◆ Extracted information
☆ ☆ ☆

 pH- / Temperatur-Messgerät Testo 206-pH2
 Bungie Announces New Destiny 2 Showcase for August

☆ ☆ ☆

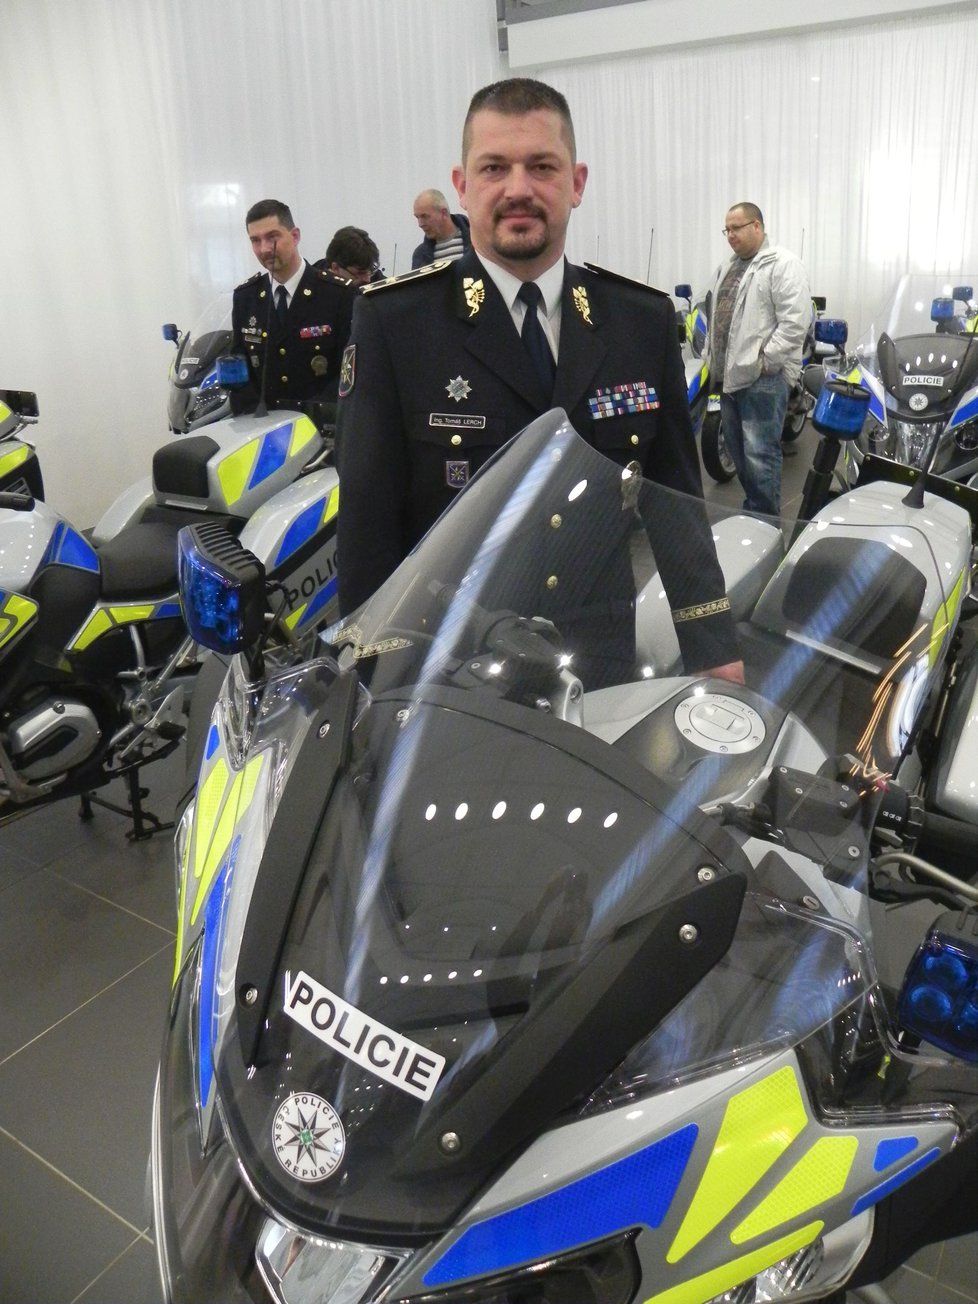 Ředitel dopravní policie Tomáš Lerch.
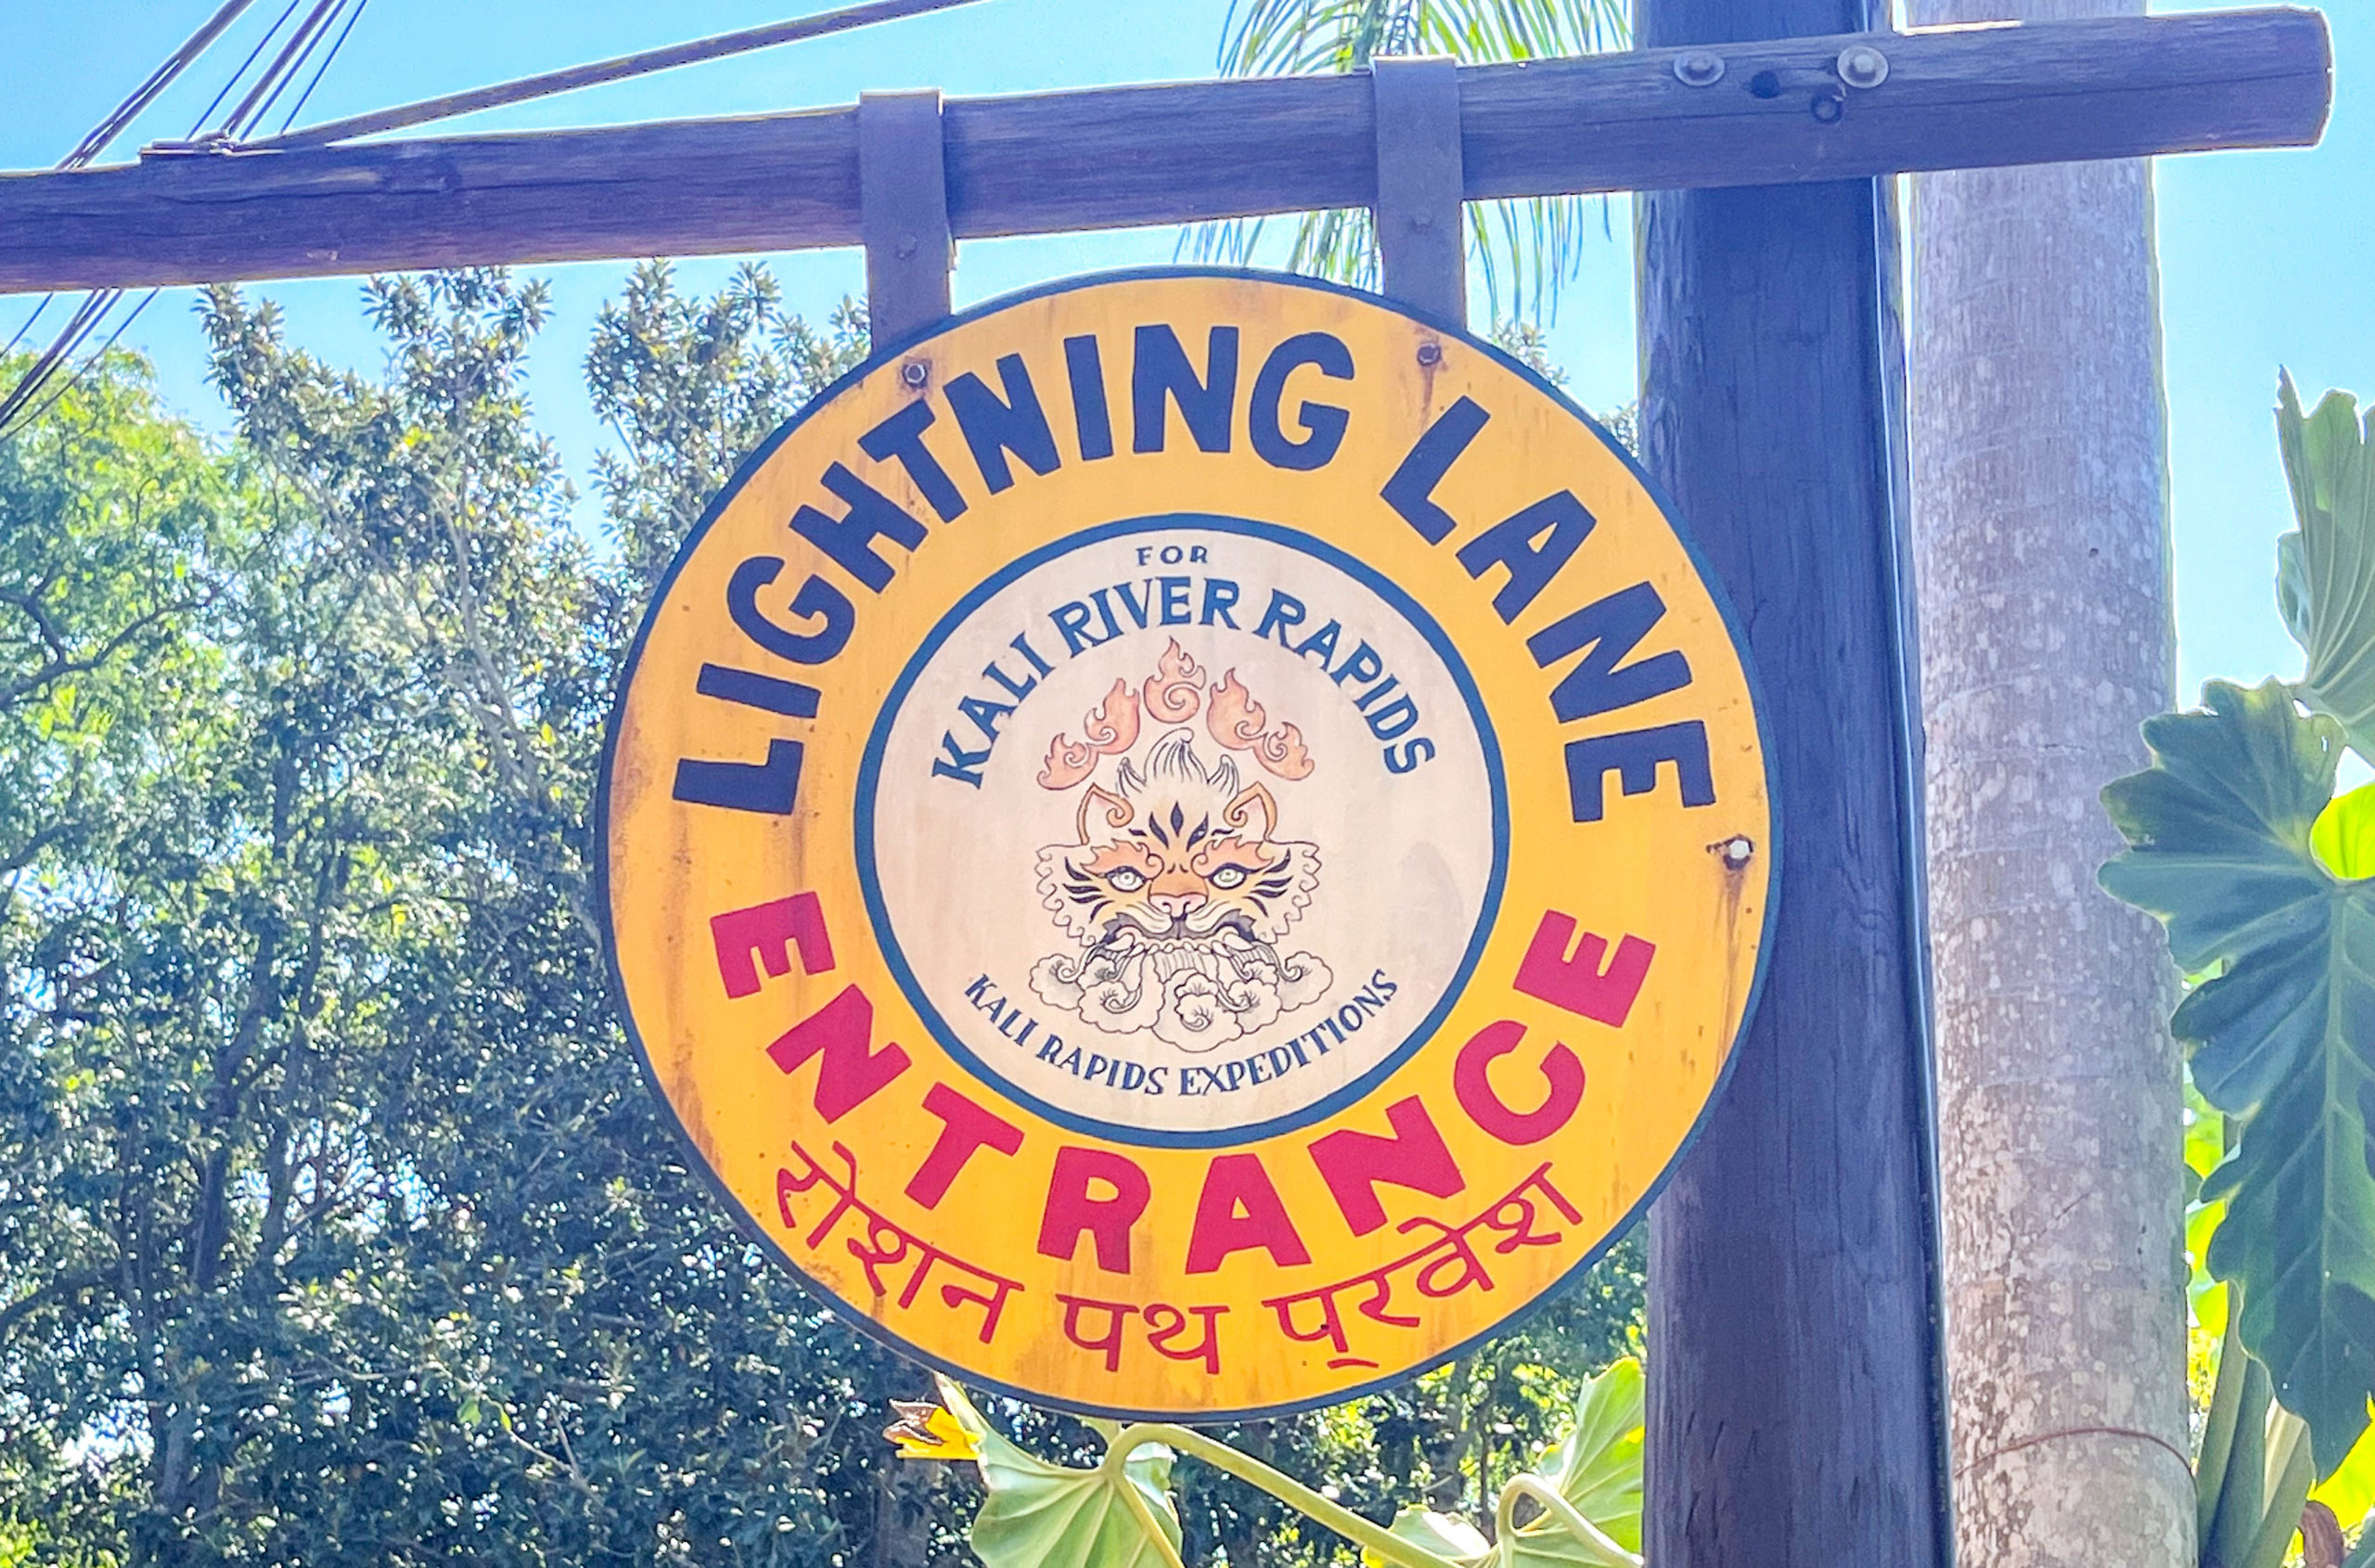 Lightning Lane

☆ ☆ ☆

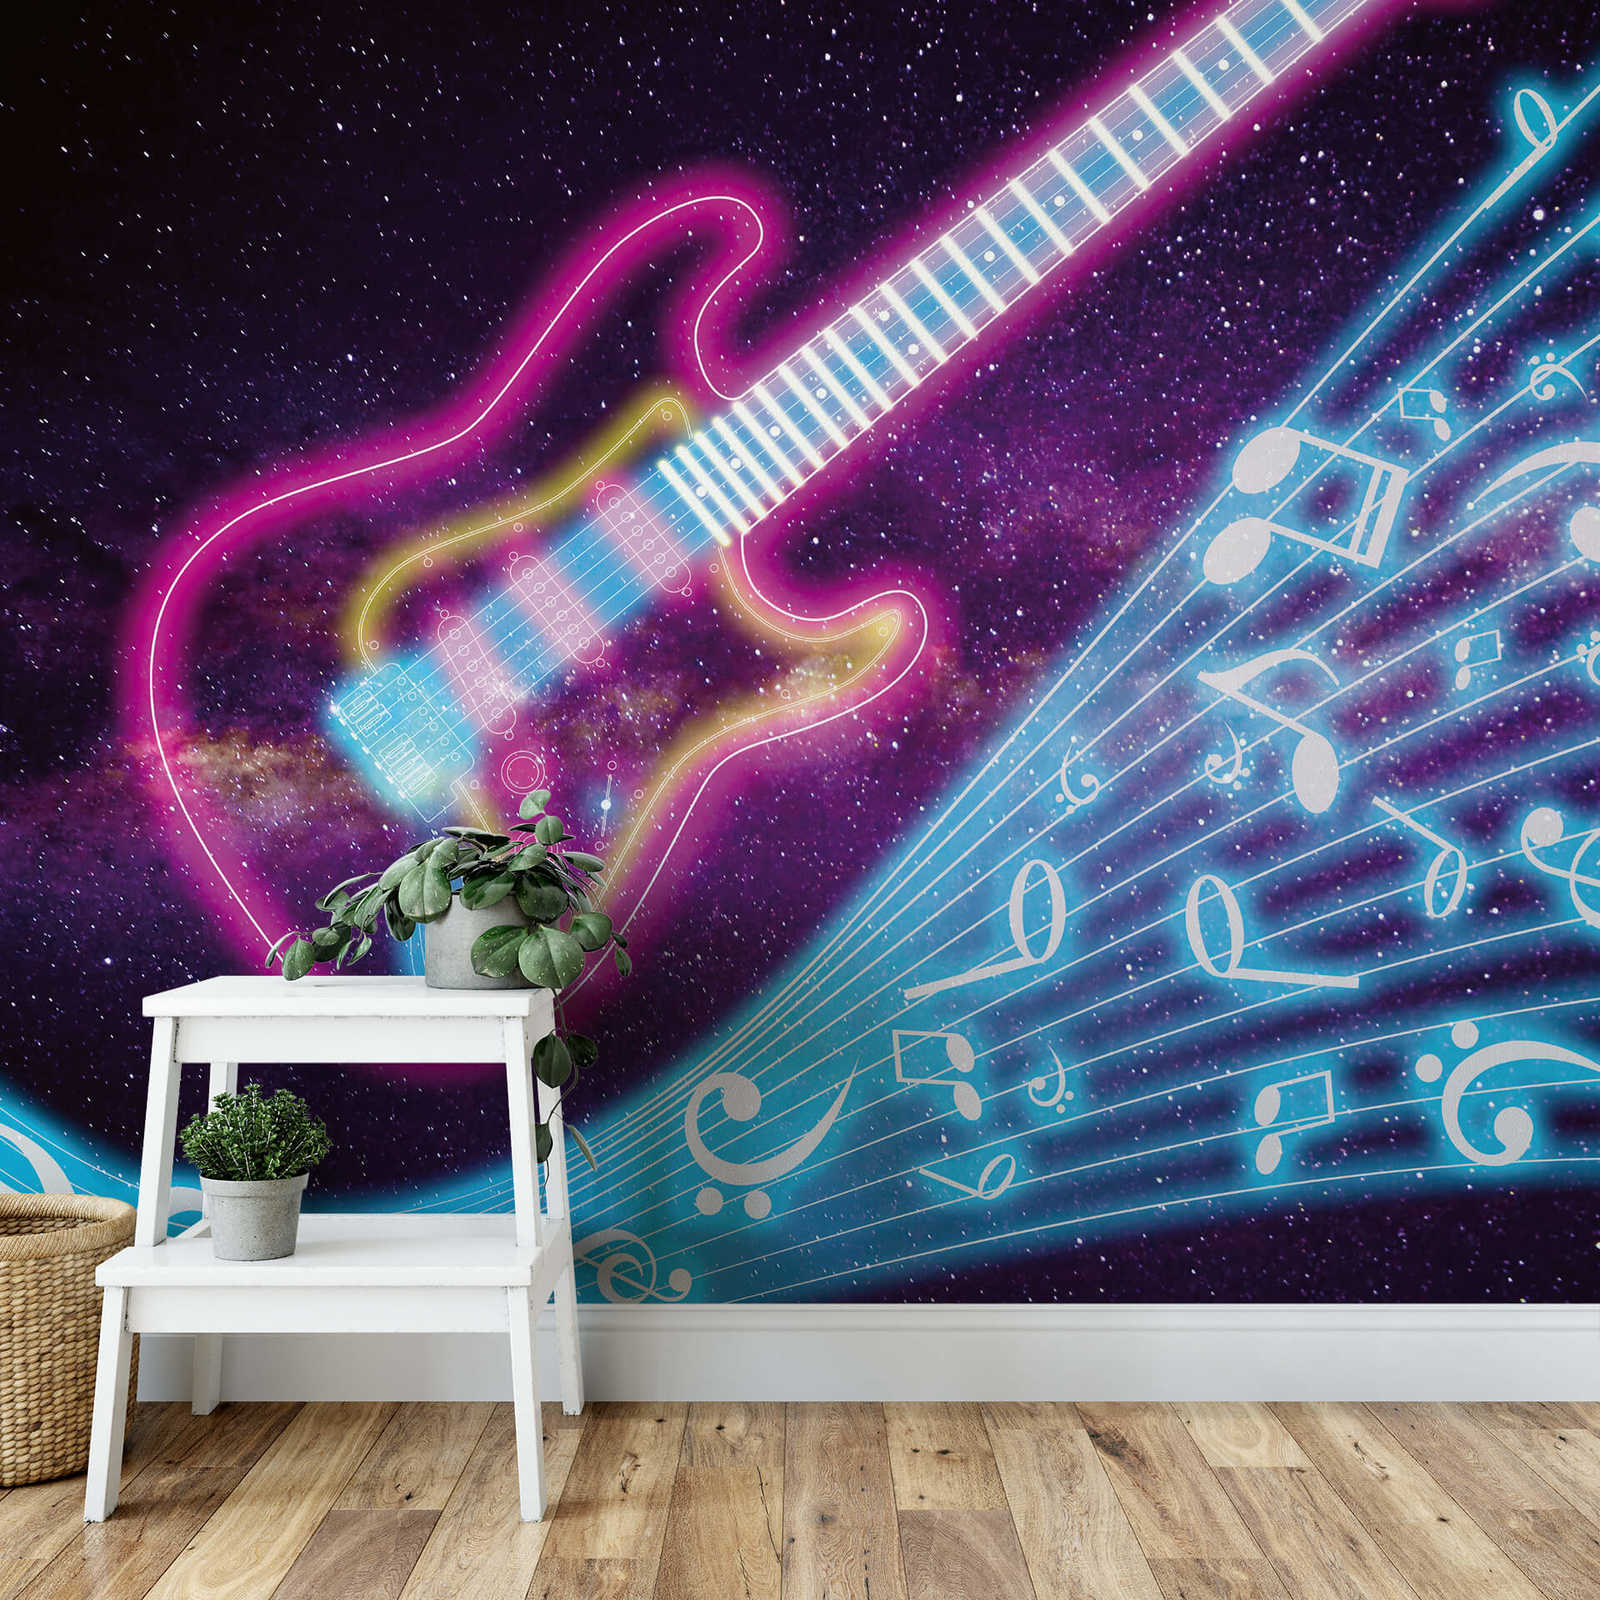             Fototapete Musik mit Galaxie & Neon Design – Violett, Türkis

☆ ☆ ☆

◆ What the exercise asks
Within the listing above, write out the stretch from the line with "Ředitel dopravní policie Tomáš Lerch." through the line with "Lightning Lane" exactly. Any pictures are to be left out.

◆ Answer below
 Ředitel dopravní policie Tomáš Lerch.
 Lightning Lane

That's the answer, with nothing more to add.